1Centocor, Malvern, Pennsylvania 19355.
Biometrics
|March 1, 1991
Summary
This study on heart disease risk factors found that standard statistical models are inadequate. A new model revealed that risk differences between individuals diminish over time.
Area of Science:
- Epidemiology
- Biostatistics
Background:
- Cardiovascular disease remains a leading cause of mortality.
- Accurate risk factor assessment is crucial for predicting heart disease incidence.
- Longitudinal studies are essential for understanding disease progression and risk dynamics.
Purpose of the Study:
- To evaluate risk factors for heart disease incidence.
- To assess the adequacy of standard statistical models in analyzing longitudinal data.
- To propose an improved statistical model for predicting heart disease risk.
Main Methods:
- Utilized data from the Framingham Heart Study spanning 32 years.
- Employed survival analysis techniques, including accelerated failure time models.
- Compared standard Weibull and Cox proportional hazards models with a proposed model where dispersion depends on the location parameter.
Main Results:
- Standard Weibull and Cox proportional hazards models were found to be inadequate for the dataset.

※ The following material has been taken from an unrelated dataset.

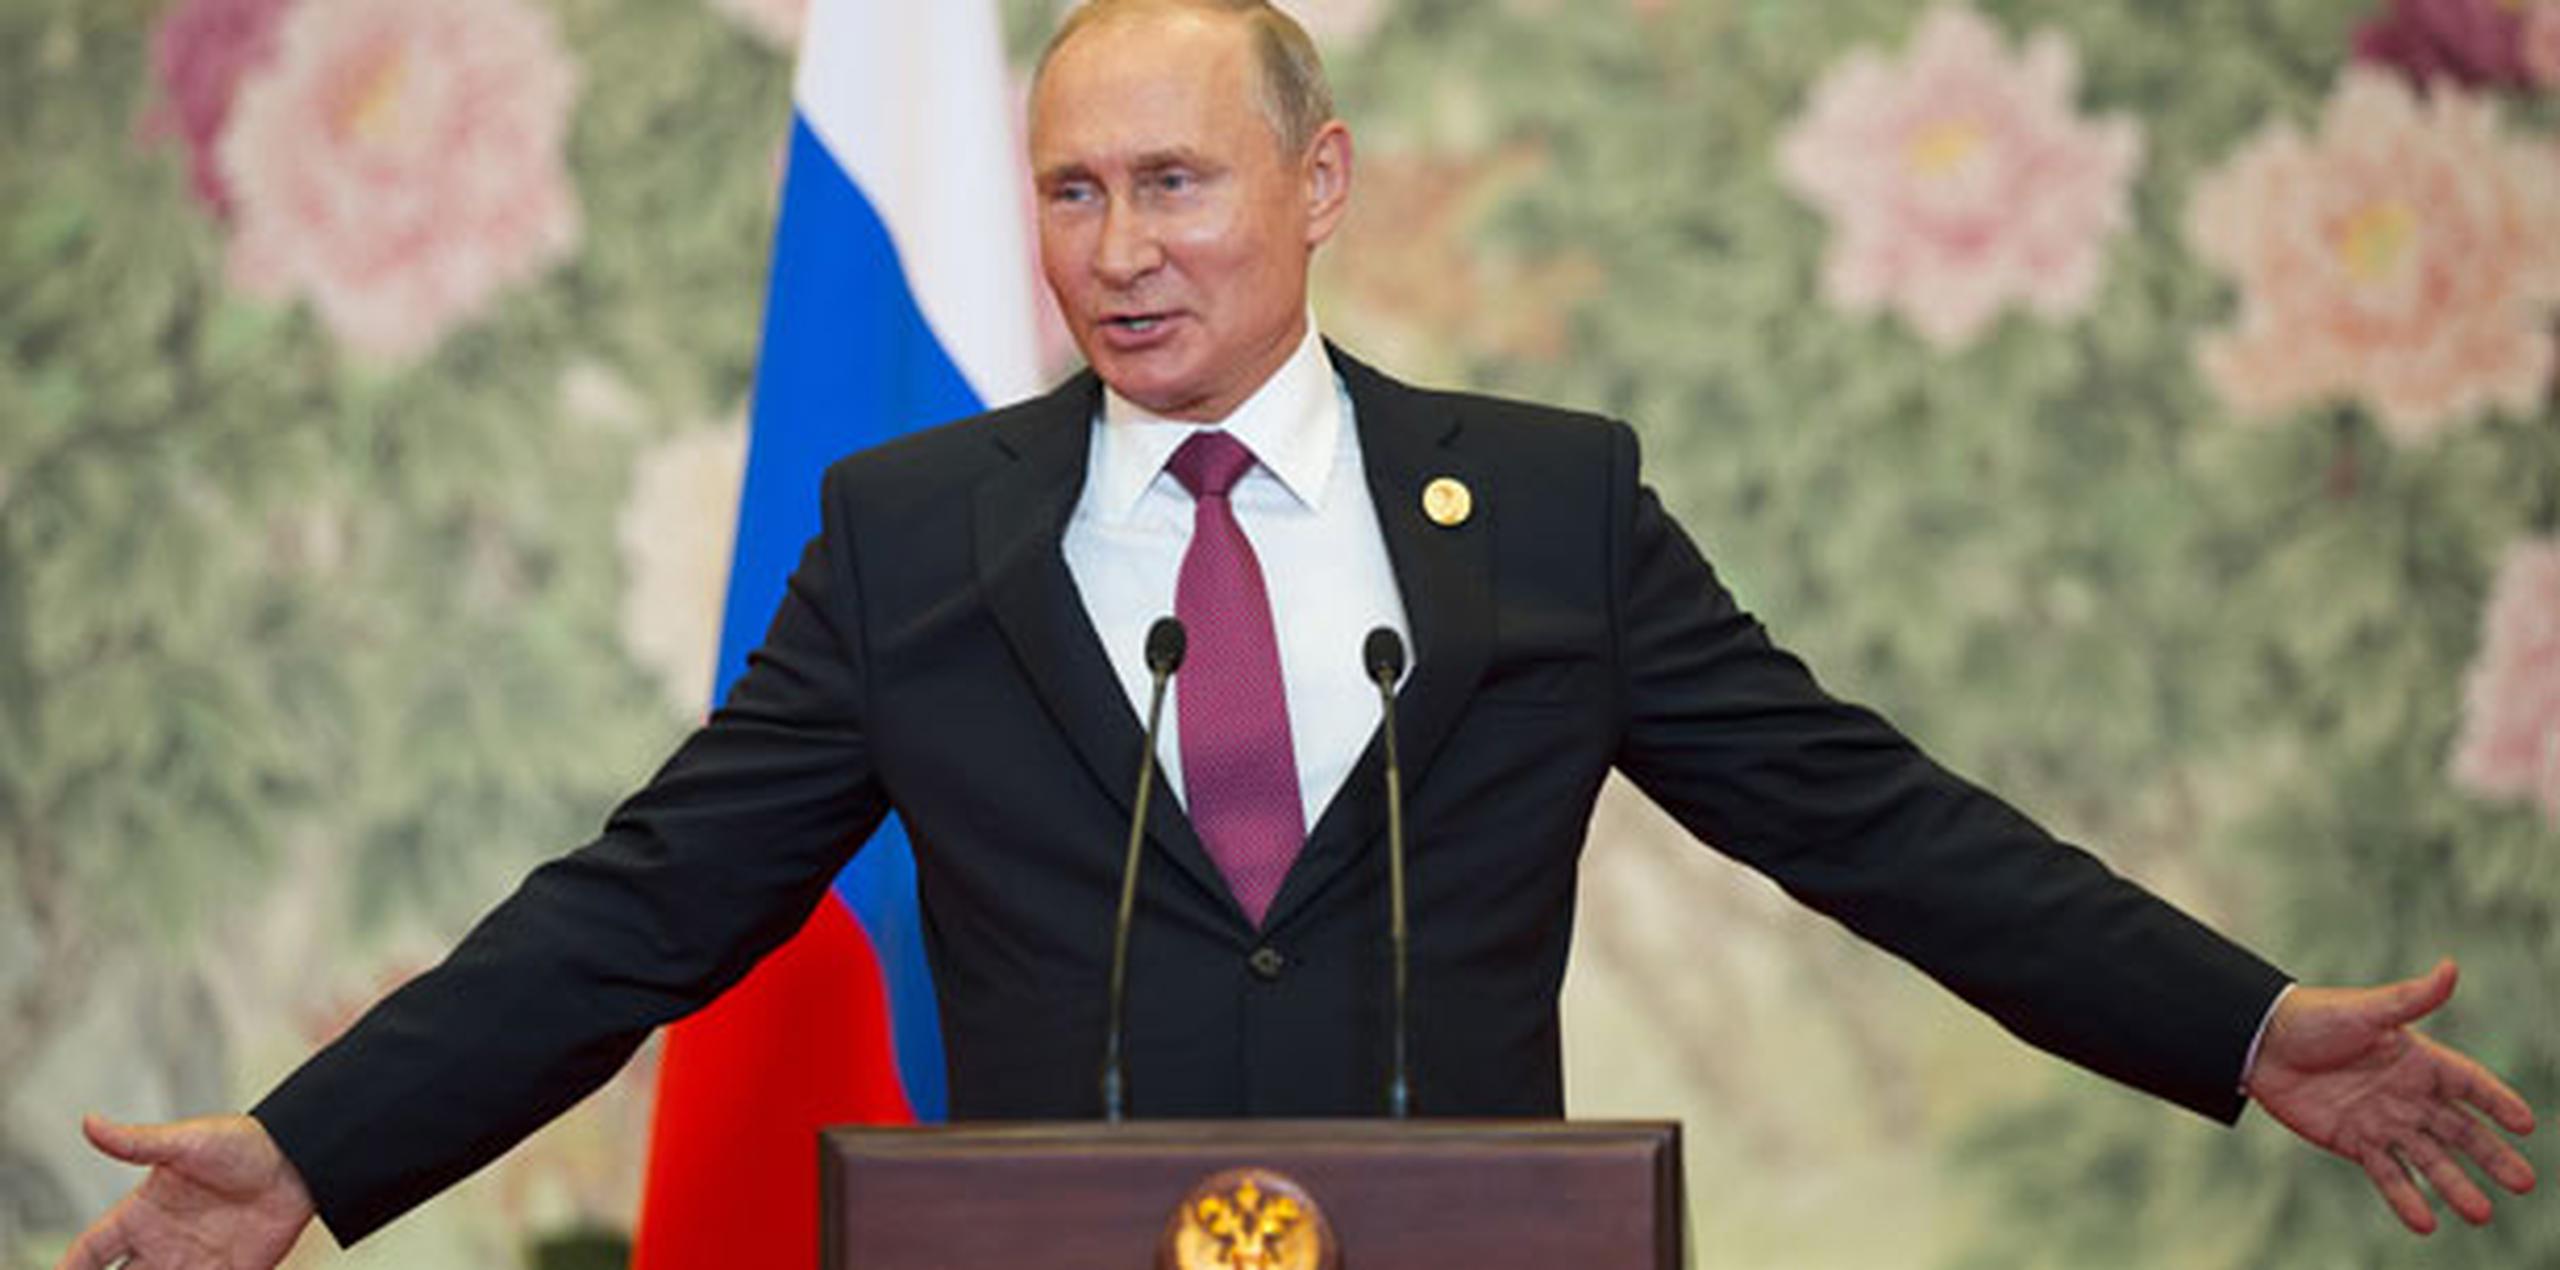 Putin también acogió la declaración de Trump sobre que Rusia debería ser invitada a reincorporarse al grupo que alguna vez fue llamado G8, antes de que el resto de los miembros expulsaran a Rusia. (AP)

- A novel model, where the dispersion parameter is dependent on the location parameter, provided a better fit.
- This improved model indicates that the cumulative hazard ratio between individuals converges over time.
Conclusions:
- The findings challenge the assumptions of standard survival models in long-term epidemiological studies.
- The proposed model offers a more accurate representation of risk factor dynamics in heart disease.
- This has significant implications for estimating differences in predicted outcome probabilities between individuals.